Observability tools (Datadog, New Relic, Grafana) excel at displaying this firehose. They do not aggregate it. The human on call is asked to do triage by reading.

Vellum sits between raw signals and human responders. It turns 5,000 alerts about one outage into one incident with 5,000 signals attached — preserved for forensics, deduplicated for action, locked behind a state machine that cannot be marked closed without a structured post-mortem. Mean Time To Repair is computed automatically.

What Vellum does

  • Ingests signals at sustained 10K/sec over HTTP and gRPC-streaming, with token-bucket per-source rate limiting and bounded-channel backpressure that returns 503 in <5ms when overloaded.
  • Debounces correlated signals atomically: a single Redis Lua script collapses up to 100 signals per component_id per 10-second window into one work item — safe under contention across replicas.
  • Persists every raw signal to MongoDB for forensic audit, the aggregated work item to Postgres for transactional truth, and per-minute aggregates to TimescaleDB for the analytics dashboard. Failed writes retry with exponential backoff (3 attempts, base 100ms), then dead-letter to Mongo for human recovery.
  • Tracks lifecycle through a State-pattern workflow (OPEN → INVESTIGATING → RESOLVED → CLOSED) under SERIALIZABLE isolation. CLOSED is unreachable without a complete RCA — the gate is enforced in exactly one place in the codebase, not duplicated.

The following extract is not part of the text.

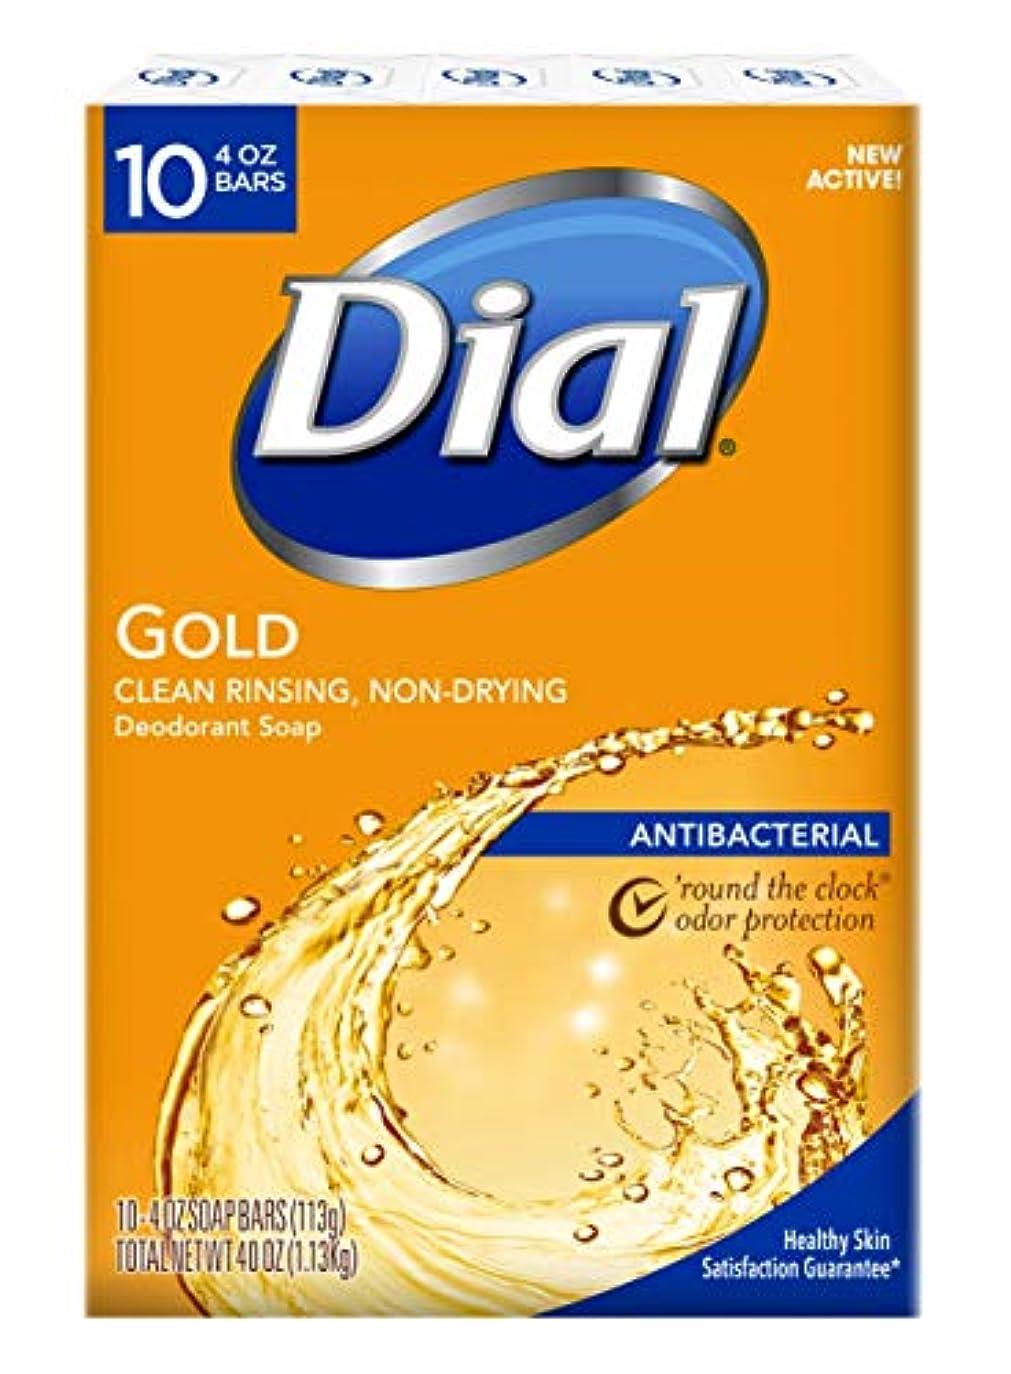 乱気流回復震えるDial Antibacterial Deodorant Bar Soap, Gold, 4-Ounce Bars, 10 Count (Pack of 3)

MTTR is auto-computed on close and written in the same transaction.
  • Alerts through a Strategy-pattern registry: PagerDuty for P0, Slack webhooks for P1/P2, console for P3. Dispatch is async and isolated; a failing alerter cannot block ingestion.
  • Surfaces all of this through a Next.js 14 operator dashboard: live feed, transition-timeline scrubber, signal-frequency histograms, payload-fingerprint grouping, MTTR distribution, root-cause donut, persona-aware view switcher.

Benchmarks

Measured on a 2026 MacBook Air M4 against the full Docker Compose stack.

Metric Result Source
Sustained ingestion throughput 10,000 signals/sec for 60s ./scripts/load-test.sh (vegeta)
Total requests served, zero drops 600,000 over 60s, 100% success same
p99 ingestion latency 1.89 ms same
Debounce compression ratio 100× (200 signals → 2 work items) simulate-outage.go --scenario cache
Concurrency stress test 300 goroutines × same component_id @ cap=100 → exactly 3 work items, no races under -race internal/debounce/stress_test.go
End-to-end lifecycle 0.29s: POST → debounce → state transitions → RCA gate (422) → CLOSED + MTTR internal/e2e_integration_test.go
Frontend build 11 routes prerendered, 87 KB shared JS, zero TS errors pnpm build

Architecture

flowchart LR
    src["Observability<br/>agents"] -- "HTTP / gRPC<br/>10K sig/s" --> ingest["Ingest<br/>(bounded channel<br/>+ rate limit)"]
    ingest --> debounce["Debouncer<br/>(Redis Lua<br/>atomic)"]
    debounce --> wf["Workflow<br/>(State pattern<br/>+ RCA gate)"]
    wf --> stores[("<b>Postgres + Mongo<br/>+ Redis + Timescale</b>")]
    wf -- "Strategy<br/>fanout" --> alert["Alerters<br/>(PagerDuty / Slack<br/>/ Console)"]
    wf -- "polled" --> dash["Next.js<br/>dashboard"]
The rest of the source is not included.